* What to work on
Repeat exactly, and only, the lines below starting at the line that contains "Gay Forced Swallow" and ending at the line that contains "NBA playoffs still", inclusive of both.

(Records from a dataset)

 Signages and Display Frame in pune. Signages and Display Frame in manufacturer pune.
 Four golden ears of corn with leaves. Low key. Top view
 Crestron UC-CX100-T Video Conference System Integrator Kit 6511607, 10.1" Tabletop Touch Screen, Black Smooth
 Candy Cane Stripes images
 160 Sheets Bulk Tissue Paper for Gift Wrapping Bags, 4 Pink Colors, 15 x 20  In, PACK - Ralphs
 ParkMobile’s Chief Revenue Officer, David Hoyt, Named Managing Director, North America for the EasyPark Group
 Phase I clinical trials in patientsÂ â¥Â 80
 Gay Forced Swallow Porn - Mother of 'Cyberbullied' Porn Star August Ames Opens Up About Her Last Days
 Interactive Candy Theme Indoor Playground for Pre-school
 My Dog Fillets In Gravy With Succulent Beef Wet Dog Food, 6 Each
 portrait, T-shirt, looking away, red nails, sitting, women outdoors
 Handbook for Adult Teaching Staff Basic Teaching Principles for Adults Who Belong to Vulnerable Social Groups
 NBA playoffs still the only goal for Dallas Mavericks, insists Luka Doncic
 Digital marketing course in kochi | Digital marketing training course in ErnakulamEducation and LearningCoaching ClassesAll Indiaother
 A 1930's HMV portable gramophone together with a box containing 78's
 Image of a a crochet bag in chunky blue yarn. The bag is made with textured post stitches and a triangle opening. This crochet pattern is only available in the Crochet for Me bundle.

* Result below
 Gay Forced Swallow Porn - Mother of 'Cyberbullied' Porn Star August Ames Opens Up About Her Last Days
 Interactive Candy Theme Indoor Playground for Pre-school
 My Dog Fillets In Gravy With Succulent Beef Wet Dog Food, 6 Each
 portrait, T-shirt, looking away, red nails, sitting, women outdoors
 Handbook for Adult Teaching Staff Basic Teaching Principles for Adults Who Belong to Vulnerable Social Groups
 NBA playoffs still the only goal for Dallas Mavericks, insists Luka Doncic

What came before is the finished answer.